I was listening to an Easy Listening station this week and heard what seemed to be a solo version of Denny Doherty singing the Mamas and Papas hit “Monday, Monday.” But as I continued to listen, it seemed instead to be the original M&P song with (almost) all of Michelle Phillips and Cass Elliot (the Mamas) edited out. There was none of the “Bada, badadada” lines by the Mamas except very faintly at the beginning of each verse. All of the echoes of Denny Doherty by the Mamas were gone - Doherty would sing the line (say, “Every other day”) and instead of the Mamas repeating the line there would be a pause, then Doherty would sing the next line right on cue.
I’ve listened to the original countless times on the radio and on CD, but I swear what I heard was the original M&P song, just no Mamas. Anyone else familiar with this?
Stereo separation.
It’s most likely that they had the balance adjusted all the way to one side. On the original recording the Mamas are on the left channel and Denny on the right channel.
OK, this is one question I’ve been working on for a long time. First, the separation in some of the M&P recordings was a little more than we are used to today, so if one channel is absent and you have good ears, you will probably notice it more than other songs.

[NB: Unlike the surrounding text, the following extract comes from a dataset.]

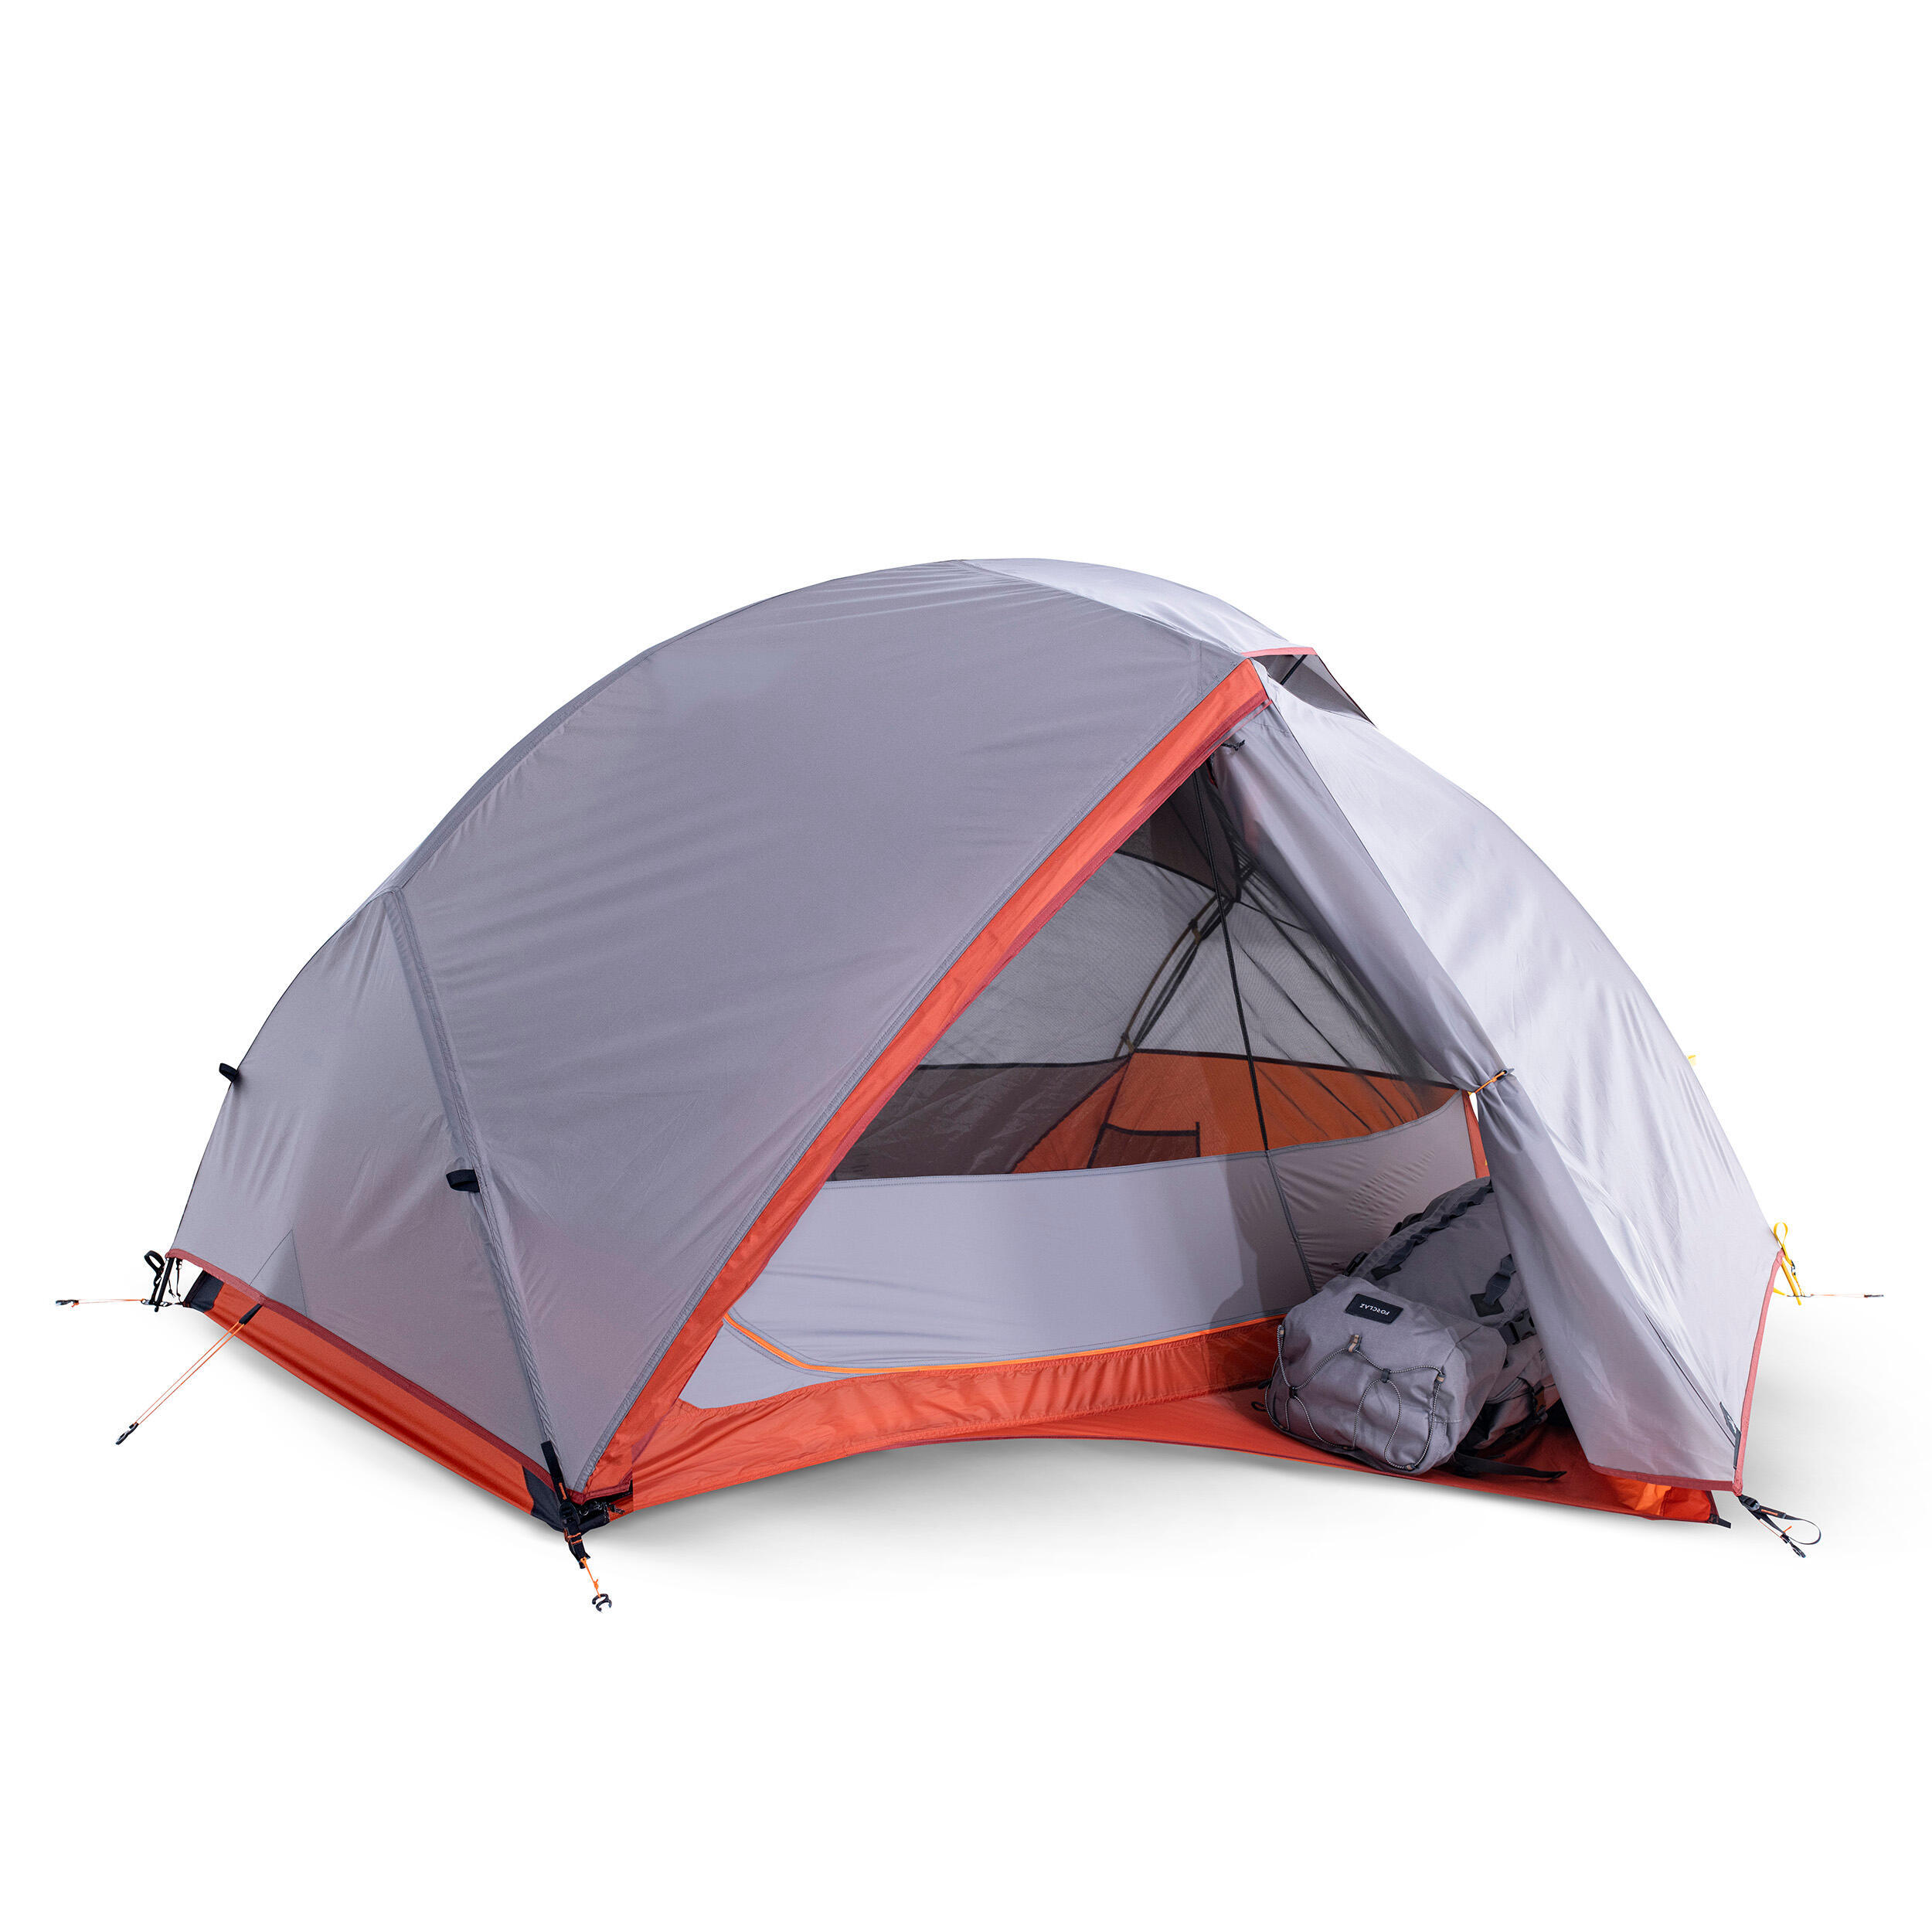 Палатка туристическая трехсезонная Forclaz Trek 900 2х-местная, серый палатка туристическая atemi storm 2 cx 2 местная цвет серый

Decades ago, I observed this same phenomena on one radio station, and I called them to tell them something was wrong with their stereo mix. Needless to say, the engineers thought I was crazy and could find nothing wrong.
This happened again, in another town, on another station, and I made another phone call with the same result.
Then another town, this time hearing a different radio station over restaurant speakers. Over 30 years, since my ears perk up when I hear M&P, I’ve heard it several times.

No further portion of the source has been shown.